[Task directions] In the entries below, find the line with "Happy Birthday, Evangeline", then set it down exactly along with each line after it to the end, skipping any pictures.

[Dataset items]
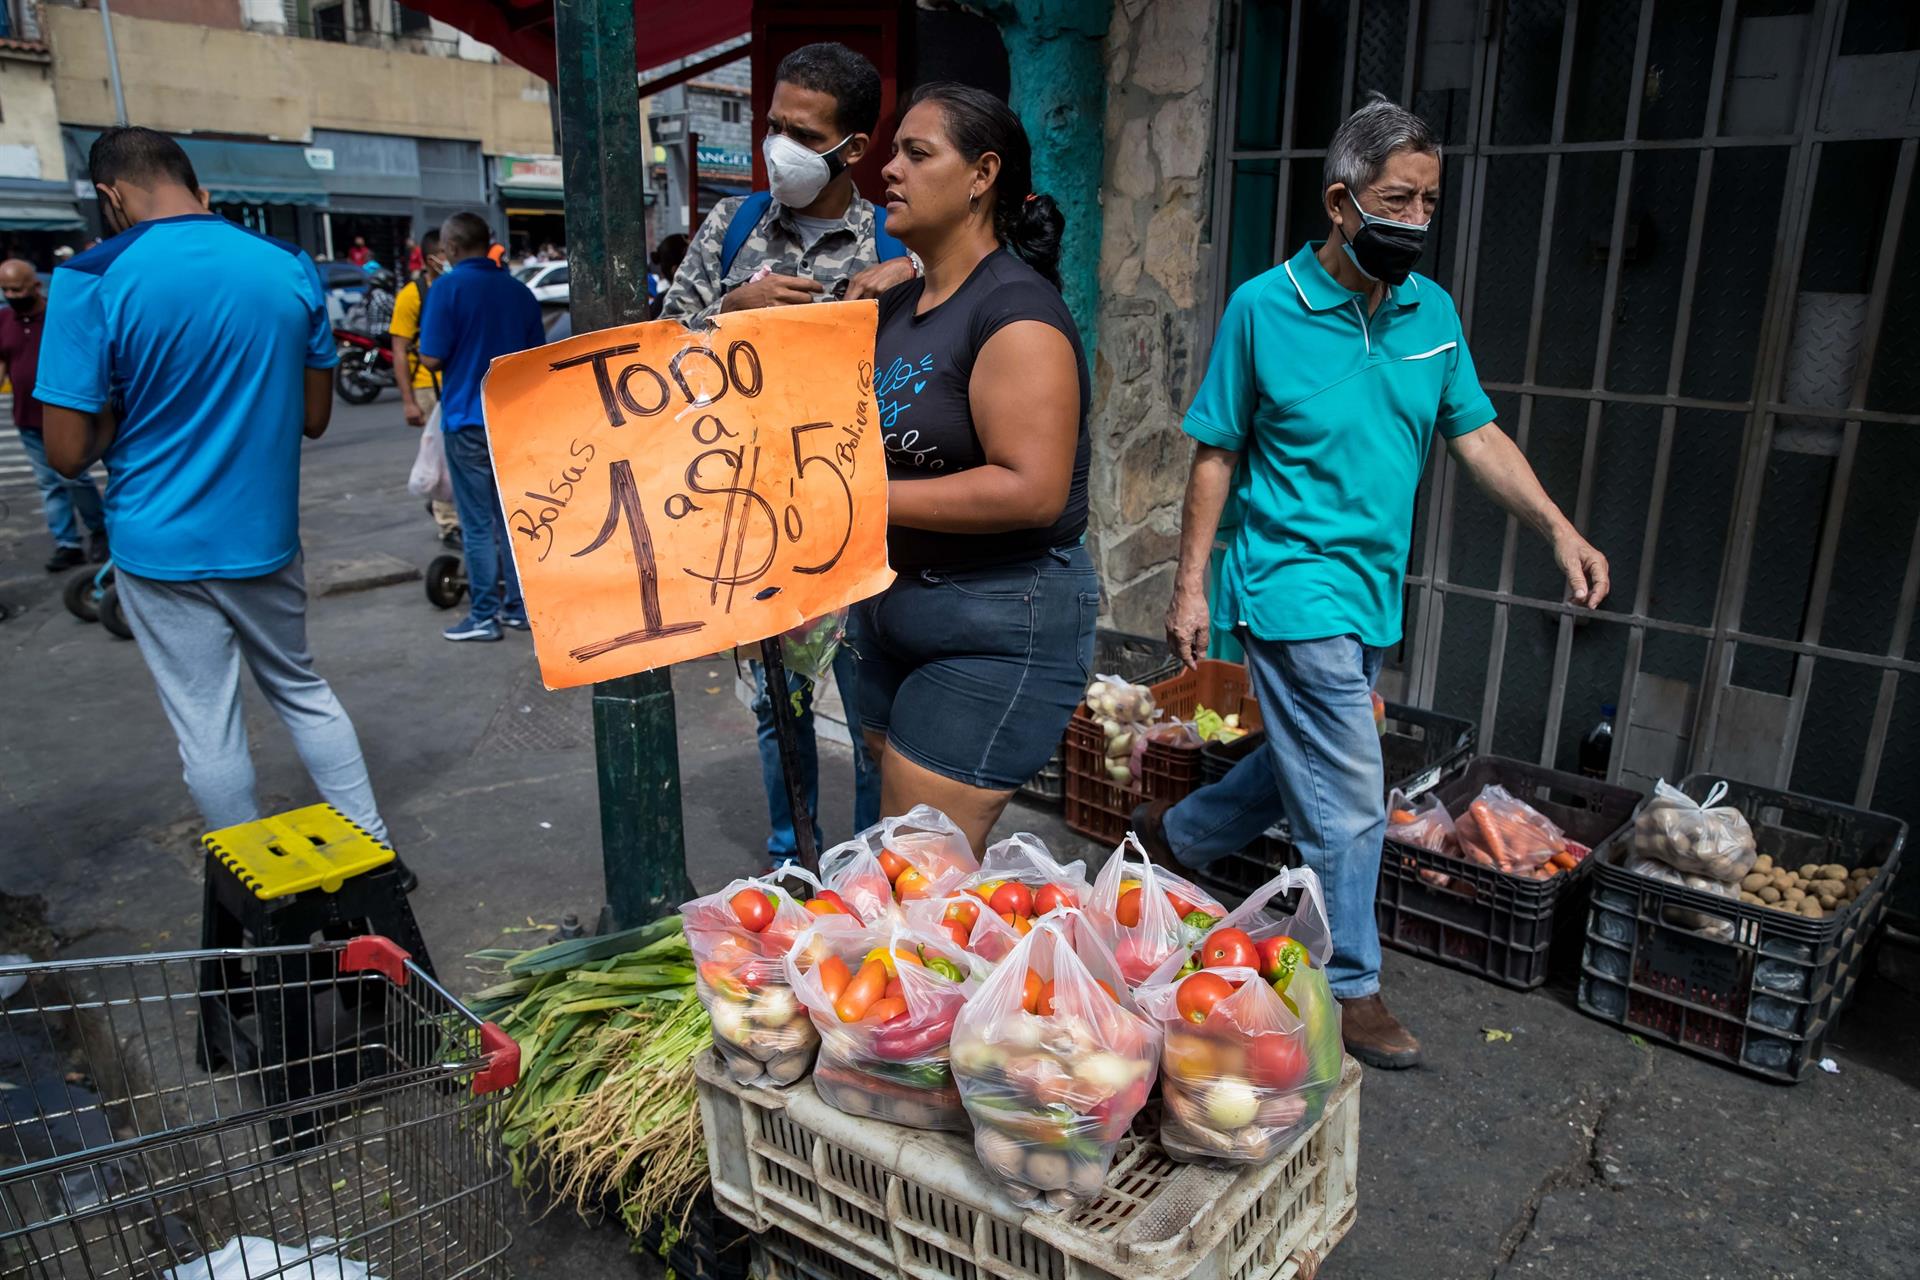 Nuevo aumento salarial en Venezuela “quedó corto” para cubrir la canasta básica
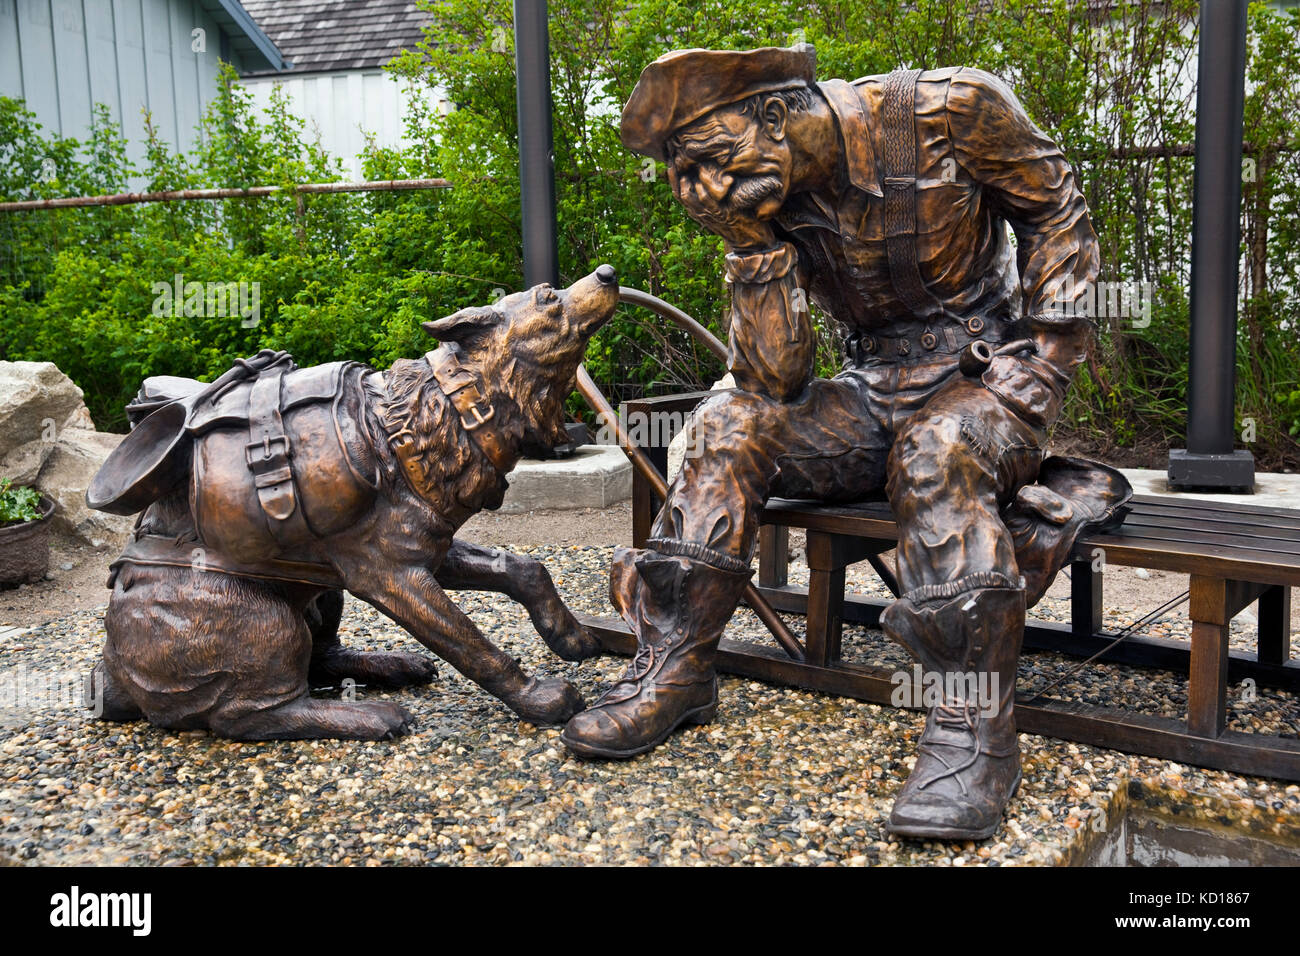 L'homme et le chien de bronze faisant partie d'une installation extérieure intitulée "tonne de marchandises", commémorant la ruée vers l'or. Artiste : Peter Lucchetti, Klondike Gold Rush National Historical Park, Skagway, Alaska, États-Unis d'Amérique Banque D'Images
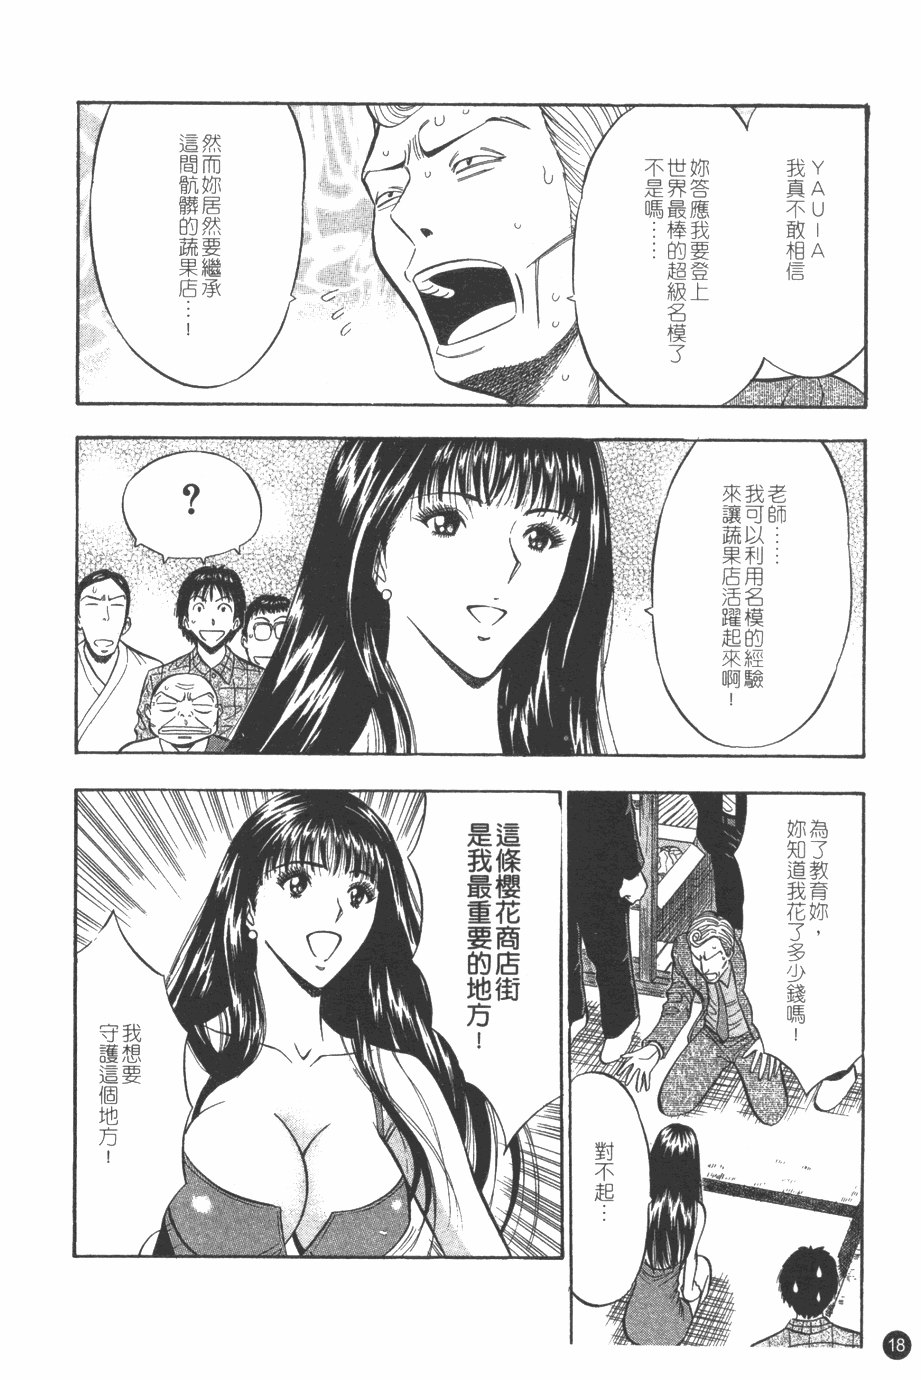 [Nagashima Chosuke] Sakuradoori no Megami - The Venus of SAKURA St. 1 [Chinese] 18
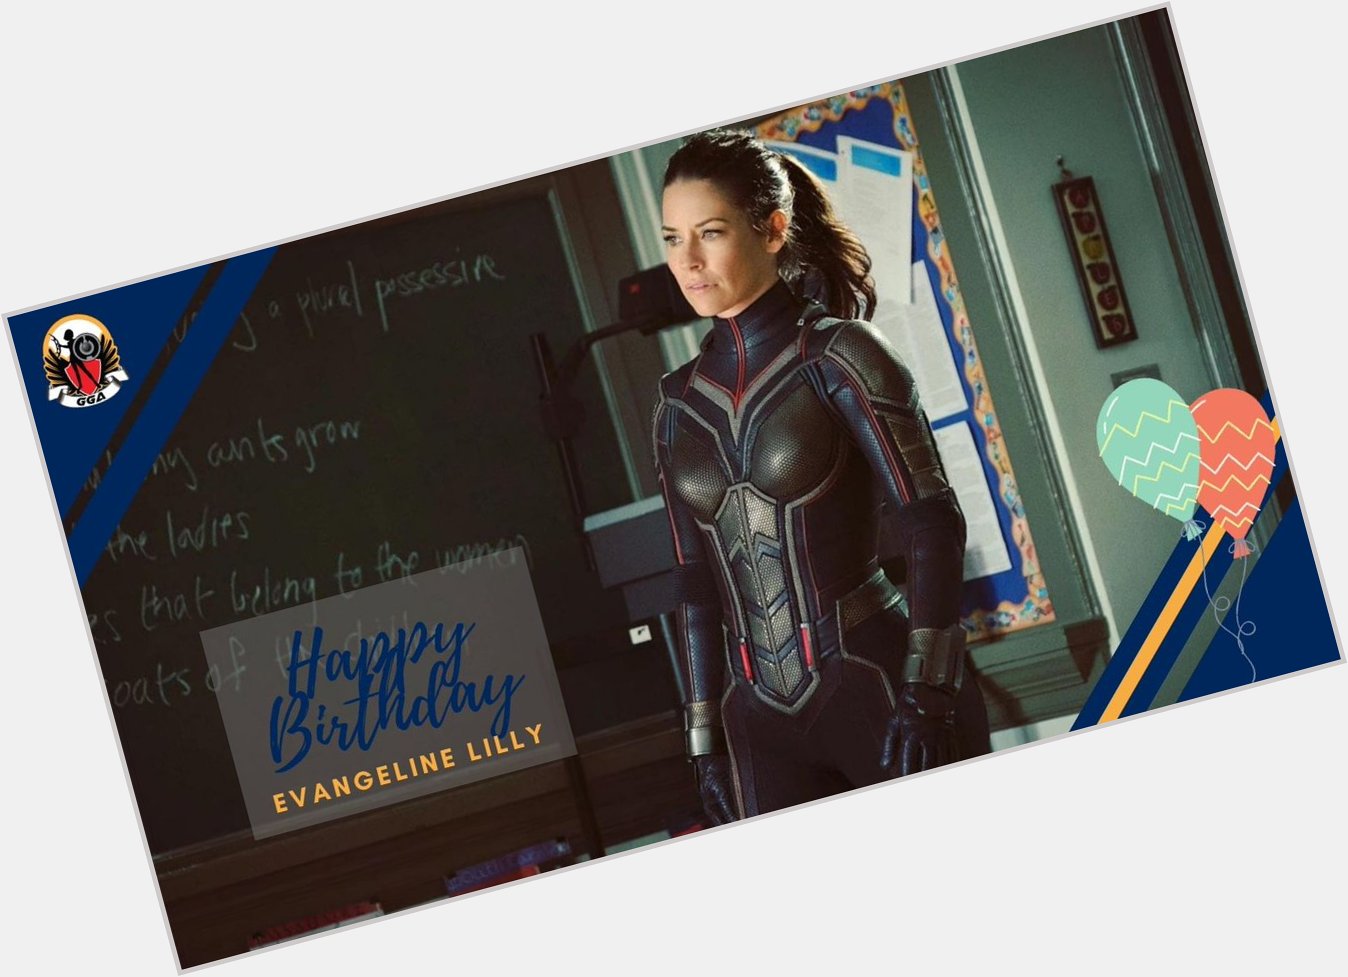 Happy Birthday, Evangeline Lilly, aka Hope van Dyne aka Kate Austen!  
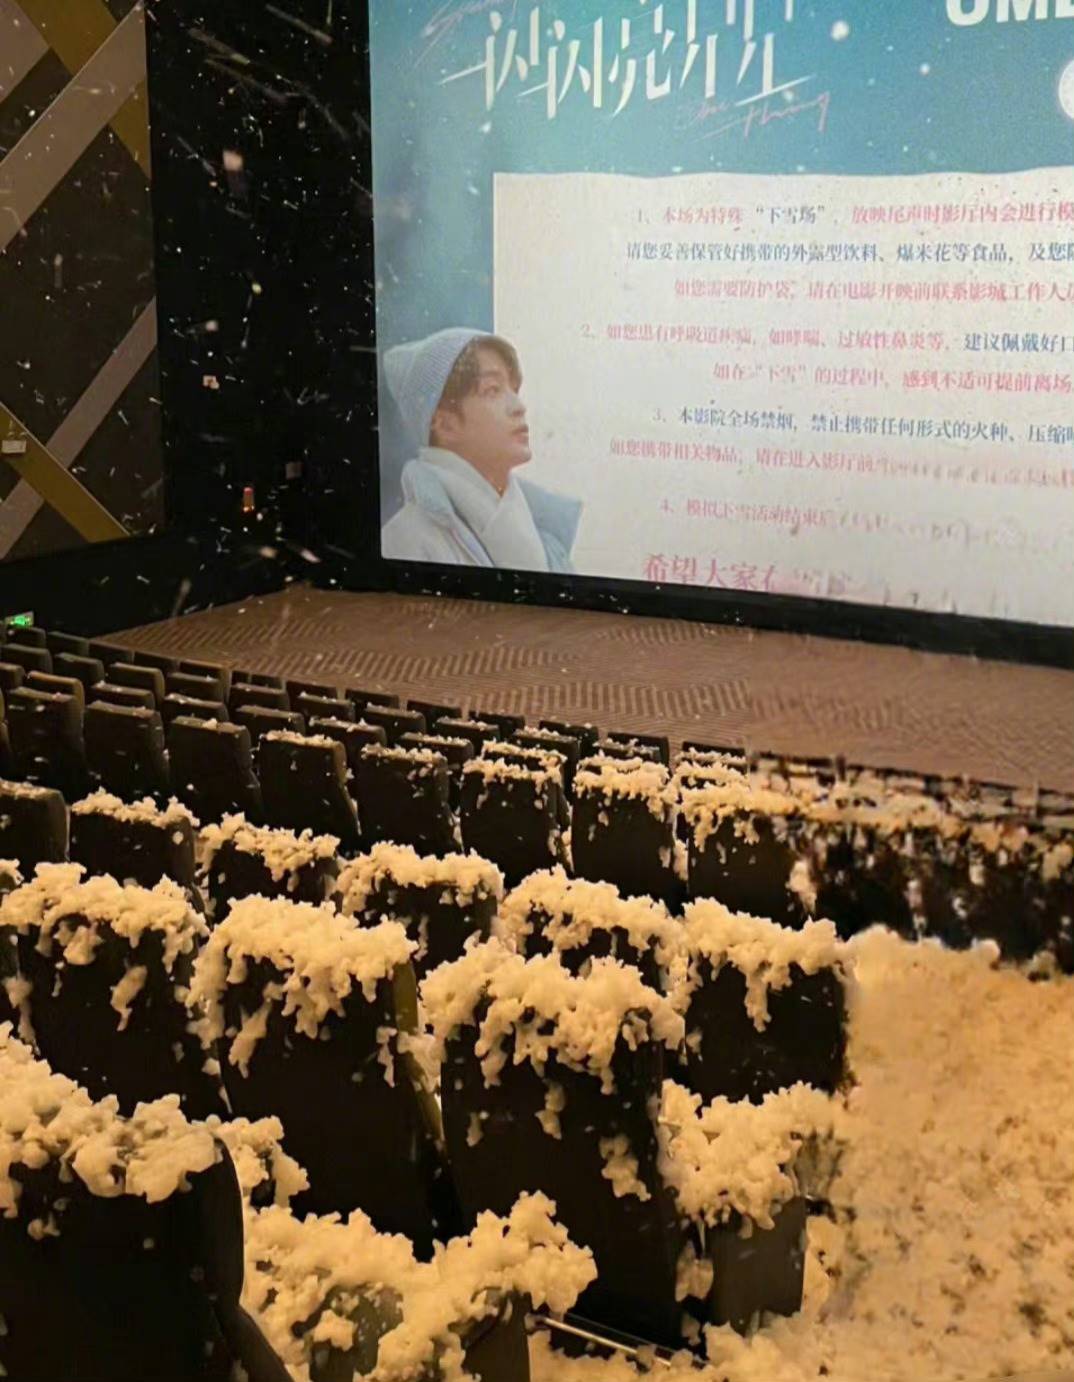 中國元旦檔期上映的電影《一閃一閃亮晶晶》為了吸引民眾進場，推出特別的「下雪場」，在影院中配合電影橋段發出雪花，讓觀眾感同身受。但每個影院製造雪花的方式不一，有些影院甚至因為施放不當造成「雪崩」，引起網友們討論。

[Solution to this problem]
 Happy Birthday, Evangeline Lilly, aka Hope van Dyne aka Kate Austen!  
 中國元旦檔期上映的電影《一閃一閃亮晶晶》為了吸引民眾進場，推出特別的「下雪場」，在影院中配合電影橋段發出雪花，讓觀眾感同身受。但每個影院製造雪花的方式不一，有些影院甚至因為施放不當造成「雪崩」，引起網友們討論。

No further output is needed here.